The draught house will offer food and no drink limits in addition to the tasting room

By Maggie Dresser
SunRift Beer Company is expanding its operations into an adjacent building by the railroad tracks in downtown Kalispell, as seen on Oct. 11. Remodeling of the new space will be completed sometime next year. Hunter D’Antuono | Flathead Beacon

Within the next year, microbrew drinkers at SunRift Beer Company will have additional seating, a restaurant, extended hours and no drink limit in downtown Kalispell.

SunRift Beer Company is currently revamping a 100-year old building, which sits adjacent to the already operating tasting room, and transforming it into an industrial-style draught house restaurant.

The draught house will serve smoked meat, tacos and nachos and offer unlimited brews, even past 8 p.m. SunRift beer will come from the tasting room right next door.

With the new restaurant, owner and head brewer Craig Koontz says the draught house will be able to stay open later without drink limits because it won’t be considered a “tasting room.” The existing tasting room and new restaurant will have separate licenses, as required under state law, with the brewery technically selling its beer to the restaurant.

“If you can’t beat them, you join them,” Koontz said.

While Koontz says the opening date for SunRift Draught House is uncertain at this point, it should be up and running within the next year.

Koontz tentatively plans on having kitchen hours from 11 a.m. to 11 p.m. and switching to a late-night menu at 9 p.m.

“We’d like to create an urban environment and have a little nightlife,” he said. “It’d be nice to have some of the nightlife come back to Kalispell and not all of it go to Whitefish.”

While SunRift currently hosts live music on Monday nights, Koontz plans to build a stage across the parking lot, and a front porch patio with a 100-person capacity will overlook the stage.

The sun-lit back patio on the south side of the building will sit alongside the future pedestrian and bike path established through the Kalispell core and rail development project. Kalispell is scheduled to tear out the railroad tracks in September 2020 and replace them with a recreational path through town.

Koontz’s decision to establish SunRift in this location wasn’t coincidental. In the future, locals will be able to walk or bike to the brewery and overlook the path while sitting on the back patio.

The back patio will be the final phase of the project, and Koontz will complete the south side of the building once the tracks are torn out. In addition to the back patio, the south side will also have windows connecting the patio to the indoor, 40-foot-long bar, allowing customers to order from outside.

As Tamarack Brewery’s former head brewer, Koontz is no stranger to creating craft beer.
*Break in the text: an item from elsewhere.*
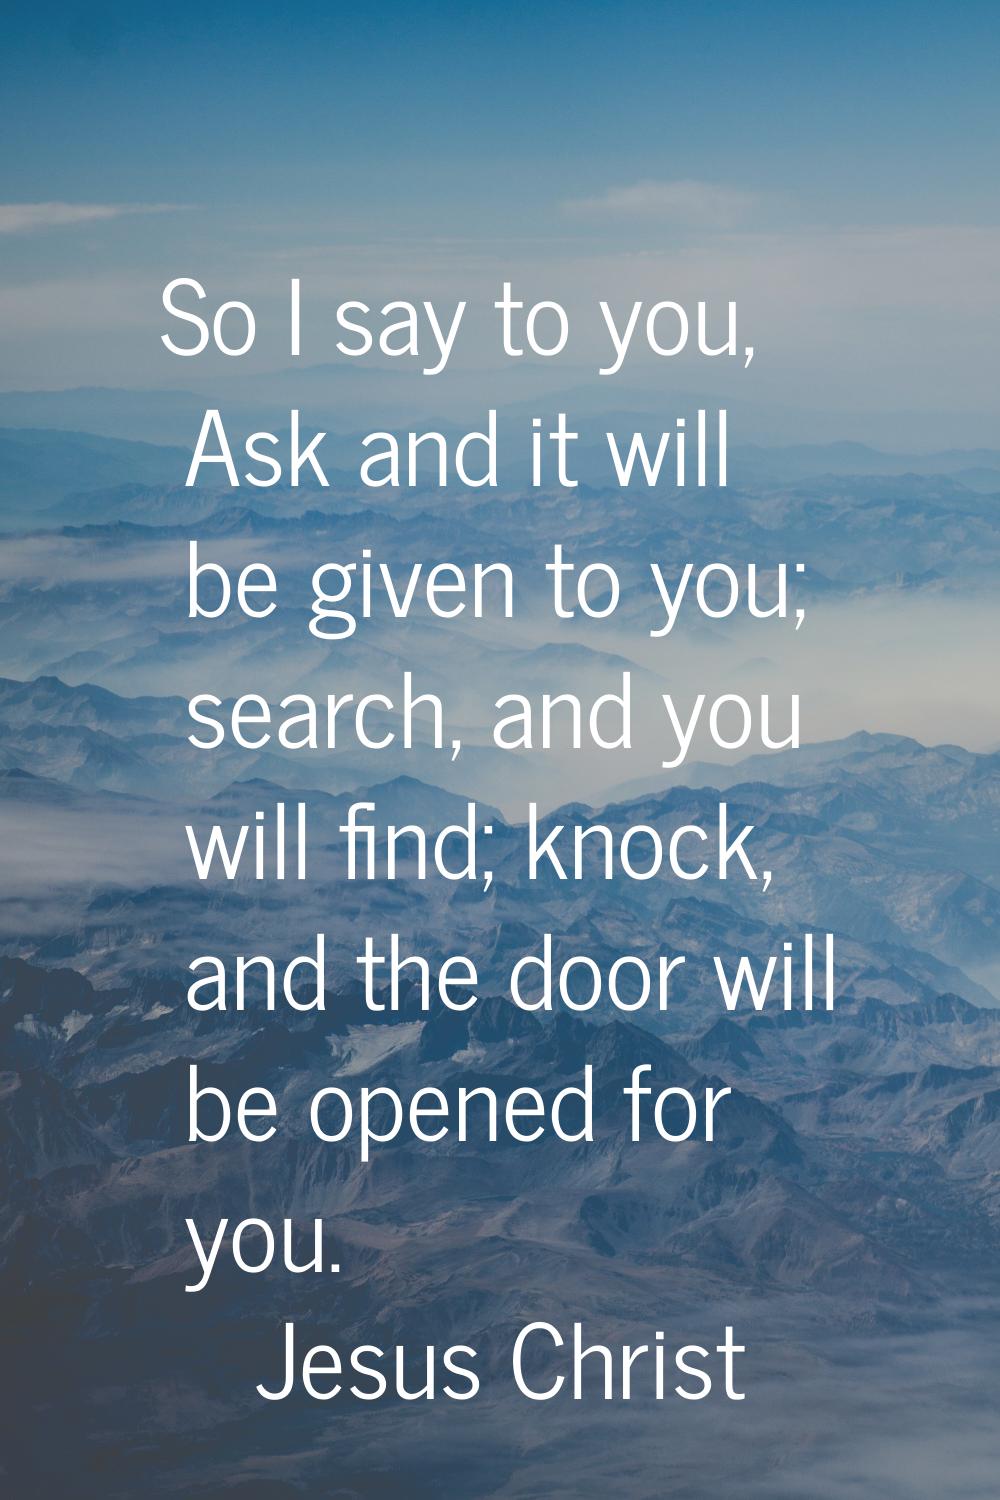 So I say to you, Ask and it will be given to you; search, and you will find; knock, and the door wi
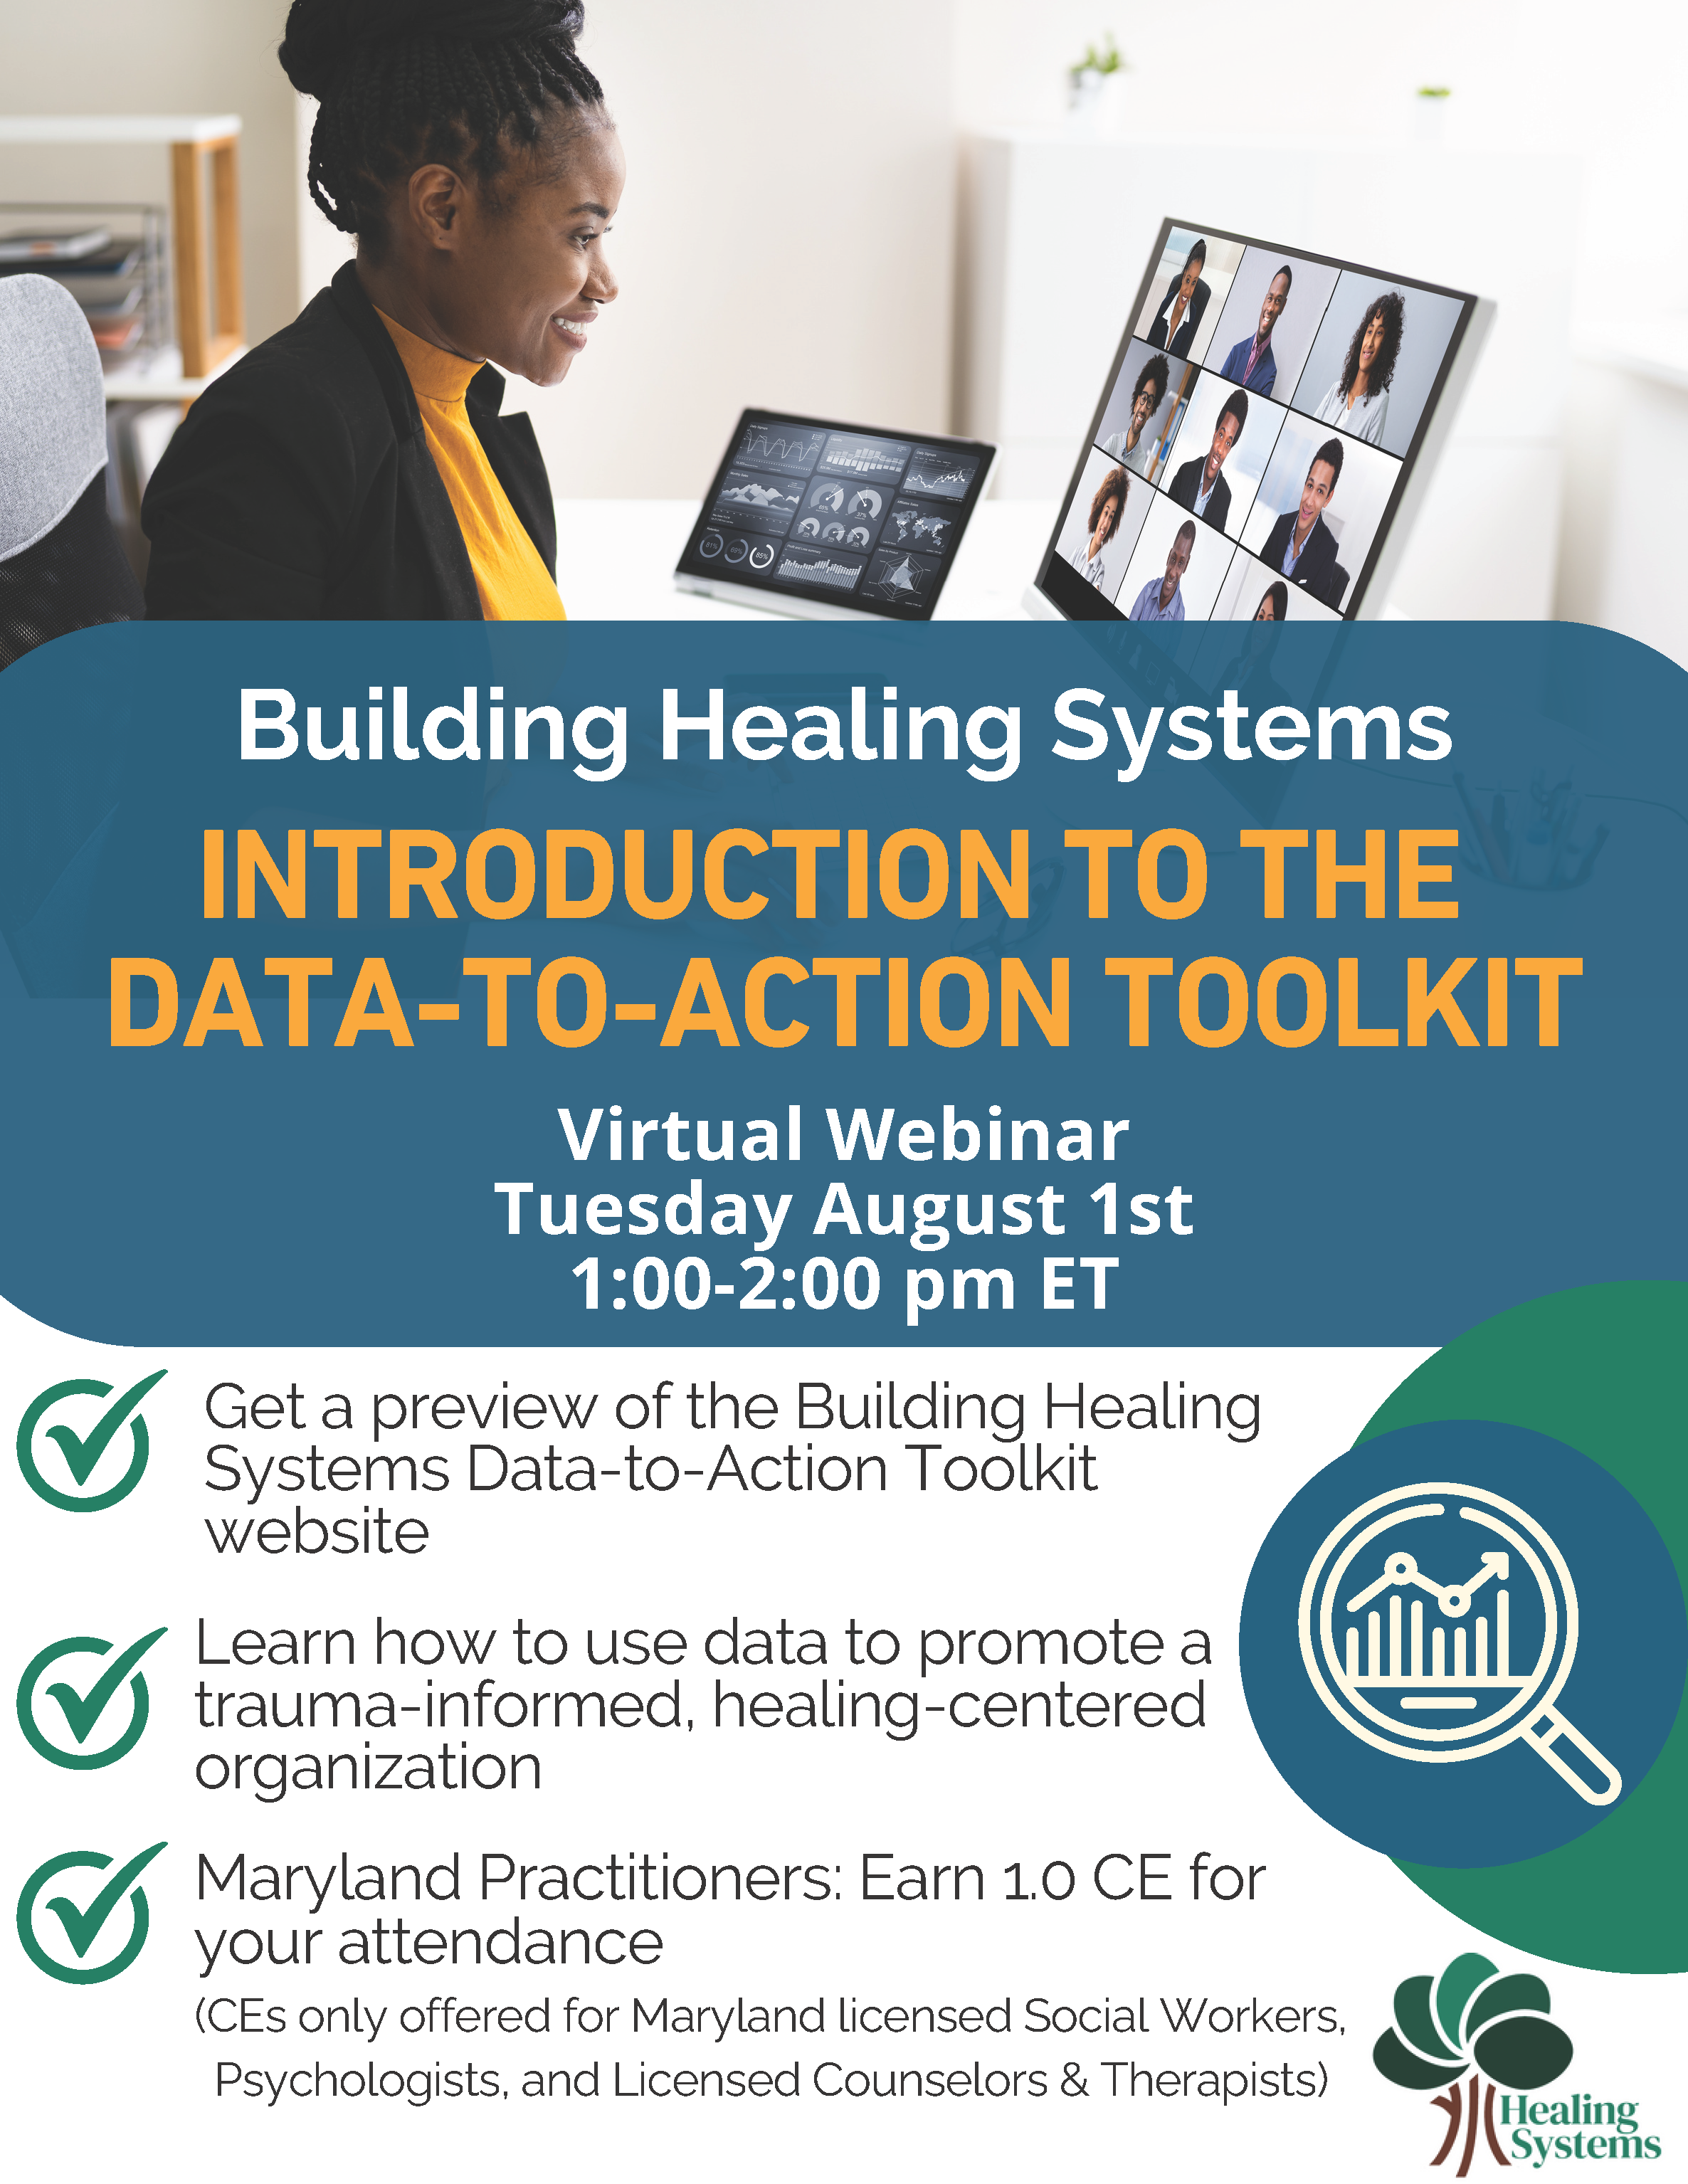 Building Healing Systems Introduction to the Data-to-Action Toolkit Virtual Webinar Tuesday August 1st 1-2pm ET. Get a preview of the Building Healing Systems Data-to-Action Toolkit website. Learn how to use data to promote a trauma-informed healing-centered organization. Maryland Practitioners: Earn 1.0 CE for your attendance (for Maryland licensed Social Workers, Psychologists, Therapists).

Following his departure from Tamarack in 2012, he brewed in Alaska, Arizona and Seattle until he returned to the Flathead in 2017 with his wife, Megan, who co-owns SunRift.

Koontz has incorporated themes from other breweries while focusing on space utilization with a functional railing, which surrounds the patios.

“It’s not just a fence; it’s a space to set a mug,” Koontz said.

Total capacity in the 2,500-square-foot draught house will be 260, and Koontz uses every inch of space for customers to sit, stand next to a railing or dance in the parking lot during live shows.

The current SunRift brewery won’t see any changes with the new draught house and will remain the same size with the same hours.

While SunRift expands on the property, Koontz says he has no intentions of canning or distributing SunRift beer in the future.

“This is the only place you’re going to get SunRift beer,” he said. “We’re one of the smallest breweries in the valley and we intend to stay that way.”